Я бы не стал, хотя в этой глуши никто не говорил по-английски. В этом, собственно, не было нужды: иностранцев в городе было двое – мы с женой. Ставни закрывались в девять, фонари стояли редко, не слышно было даже телевизоров. Вечерняя улица казалась скучнее Пруста, но мне она все равно нравилась, ибо по обеим сторонам дома с обнаженными балками вываливали на тротуар брюхо. Один из них, ровесник трех мушкетеров, стоял уж совсем набекрень. За частым переплетом чердачного окошка тлел оранжевый абажур. Я бы туда переехал, но место оказалось занятым, о чем мне и сказала выглянувшая хозяйка.

– Давно вы здесь живете? – спросил я на пальцах.

– Четыреста лет, – ответила она, указав на дату, выбитую над порталом.

Эренбург считал, что даже красота не спасает французскую провинцию от скуки. «Здешние церкви, – писал он, – все равно что музей итальянской живописи в Пензе».

Мне трудно согласиться, потому что я и сам вырос вроде как в Пензе, но – с архитектурой. А с ней не бывает провинции: в старом городе каждый переулок ведет к собору, а он-то уж точно – столица.

Шартр

Пара разномастных шпилей кафедрального собора, как и раньше, торчали прямо из поля. Собор подавлял город, он был его центром и причиной, поэтому весь день мы не могли отойти – ни далеко, ни надолго. Погода быстро менялась, и мы постоянно забегали внутрь, полюбоваться тем, что натворила с витражами новая туча.

У каждого окна был свой сюжет – полупонятный, полузнакомый, как слова в мессе. Мы знали – о чем, и ладно. От старых мастеров не требовали подробностей: ветвь заменяла сад, плод – соблазн, череп – грех. Рассказ лепился из цвета и не зависел от действительности. Богородица любила синий. Злодеи носили желтое. Рыцари получались зелеными, кони – розовыми, неба не было вовсе.

Каждый витраж в церкви безошибочно балансировал между рассказом и декорацией. Смысл и красота складывались в подвижную гармонию. Любой луч менял состав, но всегда к лучшему. Цветной воздух дрожал в соборе, выжимая последние фотоны из заходящего солнца. Когда оно исчезло, заиграл орган. Сперва я даже не заметил инструмента, да и теперь он терялся в каменных зарослях, но звук нельзя было не узнать: токката и фуга ре минор. В триллерах ее играют свихнувшиеся монстры, здесь она была на месте.
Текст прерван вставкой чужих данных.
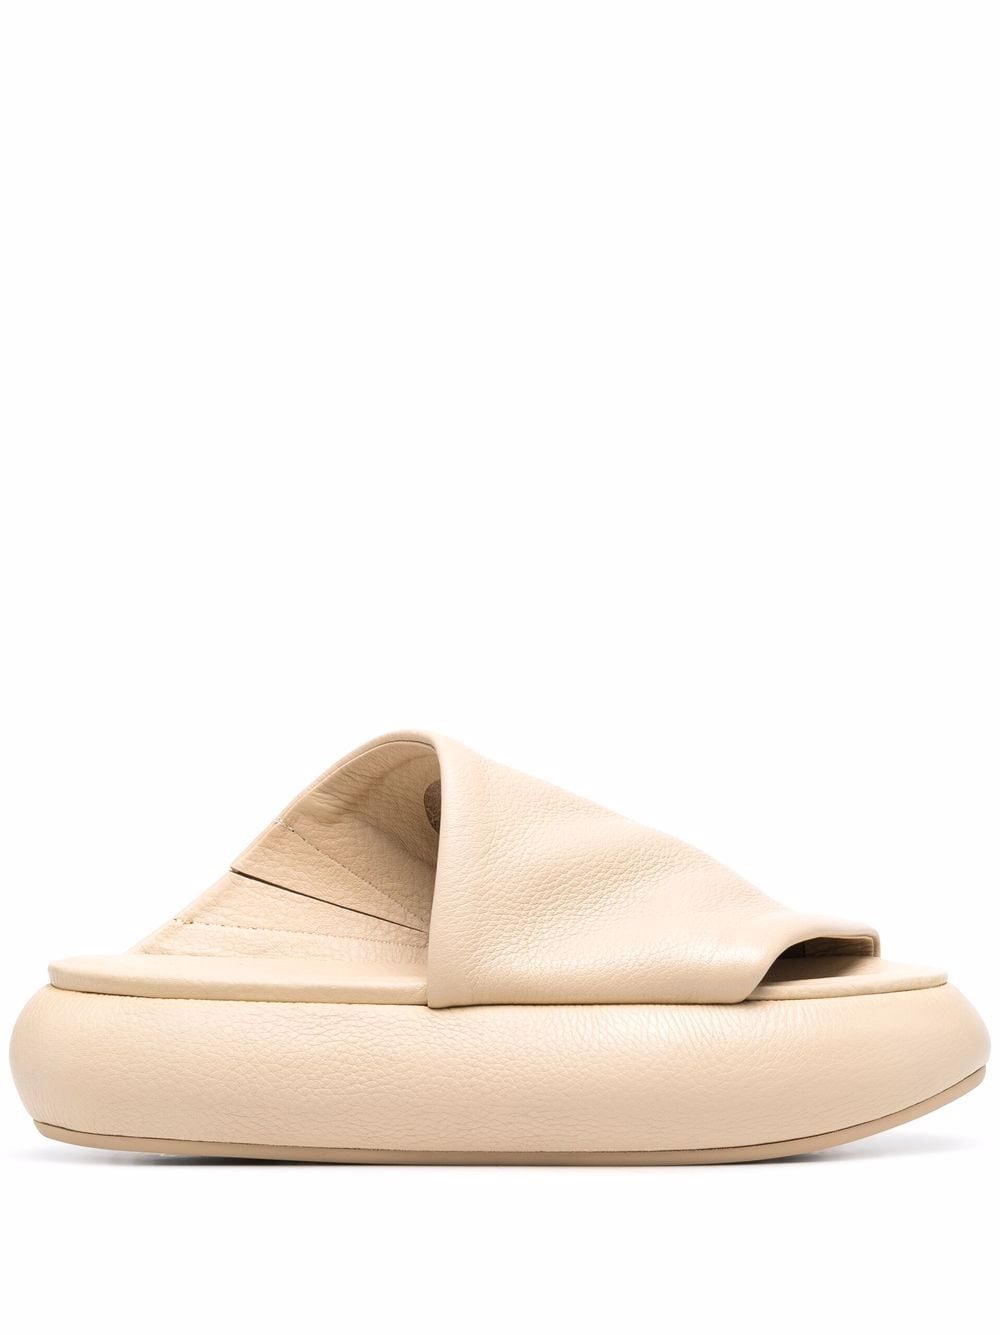 Marsèll asymmetric design sandals
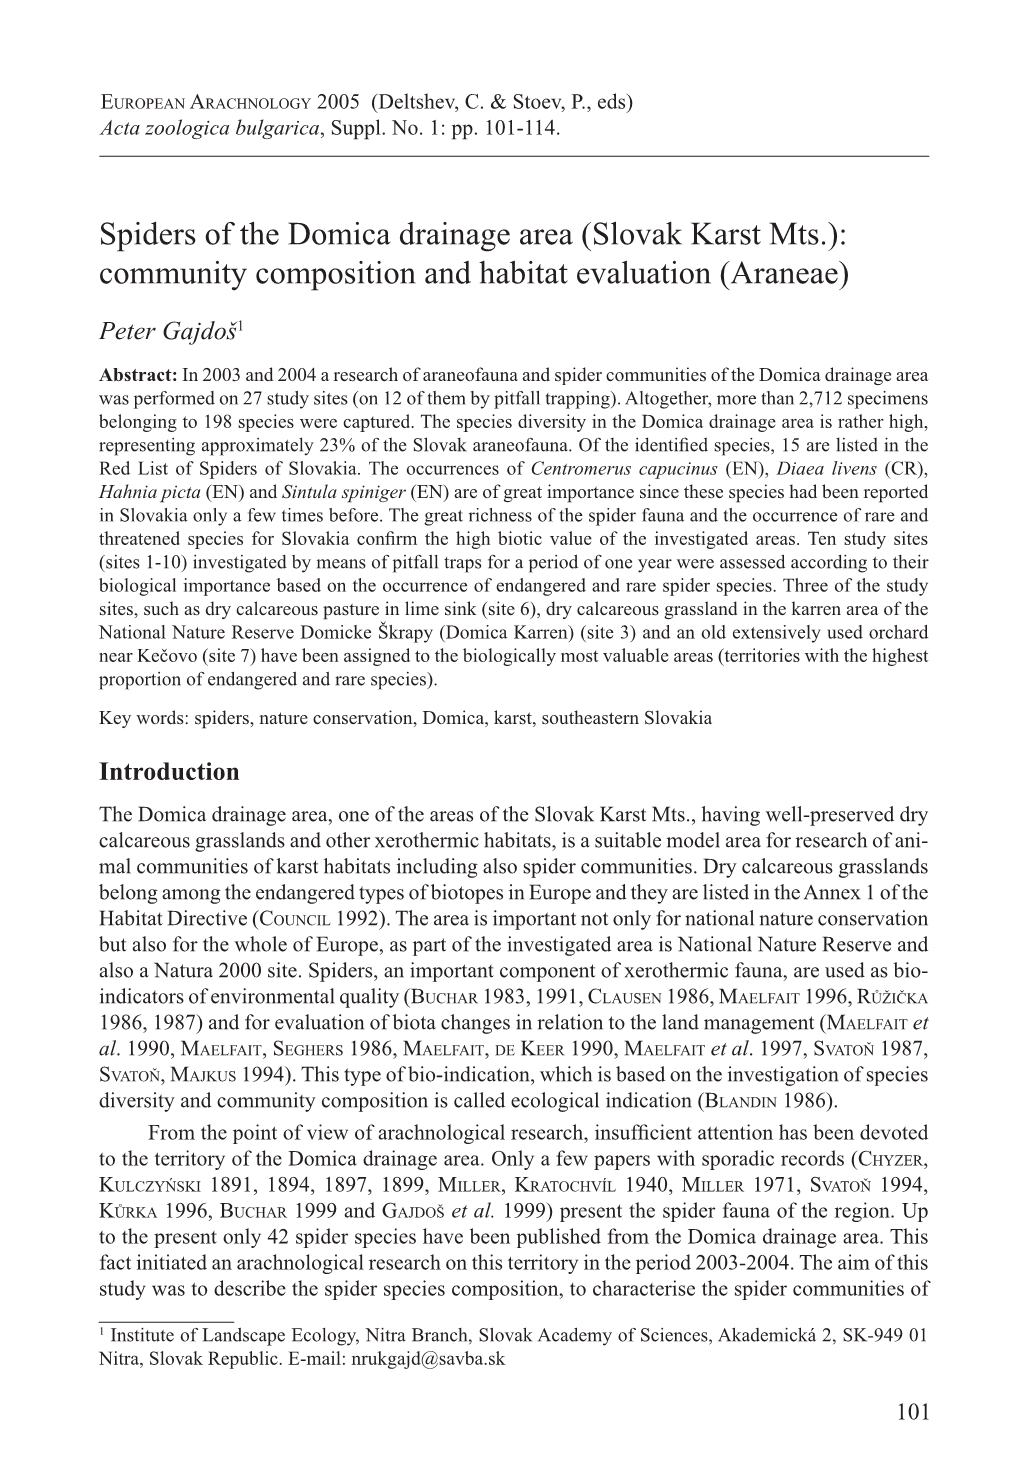 Spiders of the Domica Drainage Area (Slovak Karst Mts.): Community Composition and Habitat Evaluation (Araneae)

Романтики сравнивали средневековые соборы с лесом, с кружевами, с симфонией, мы, как все умное и сложное, – с компьютером. Чтобы он заработал, в него надо было загрузить программу. Бах писал лучшие из них. Они создавали резонанс музыки с архитектурой, поднимая душу к сводам.

Чтобы все это возникло, не нужен Бог, достаточно было в него верить, и этому помогали мощи. Они питали собор чудотворной энергией, которую мы, путая форму с содержанием, не умеем ощутить. И зря. Ведь плоть святого, его кость или прядь, убеждала прихожан в том, что вся эта дикая история – правда. Мощи служили залогом обещанного бессмертия. Трудно понять? А вы посмотрите на Итигэлова. Как легко нетленный труп бурятского ламы внушил XXI веку те же надежды, что и XIII.

Выйдя наконец наружу, мы повстречали на площади клоуна, на которого я не обратил внимания утром. Сейчас он показался странным. Клоун не собирал мелочь, развлекая публику. Разряженный по-цирковому, он исполнял роль, учтенную средневековым благочестием. Хроники именовали ее «жонглер Господа». К вечеру, однако, он угомонился и тихо сидел на скамье с живой курицей. Между ними стояла бутылка красного.

Шамбор

– Вчера мы были в гостях у Бога, – объявил я программу, – сегодня отправимся к царям.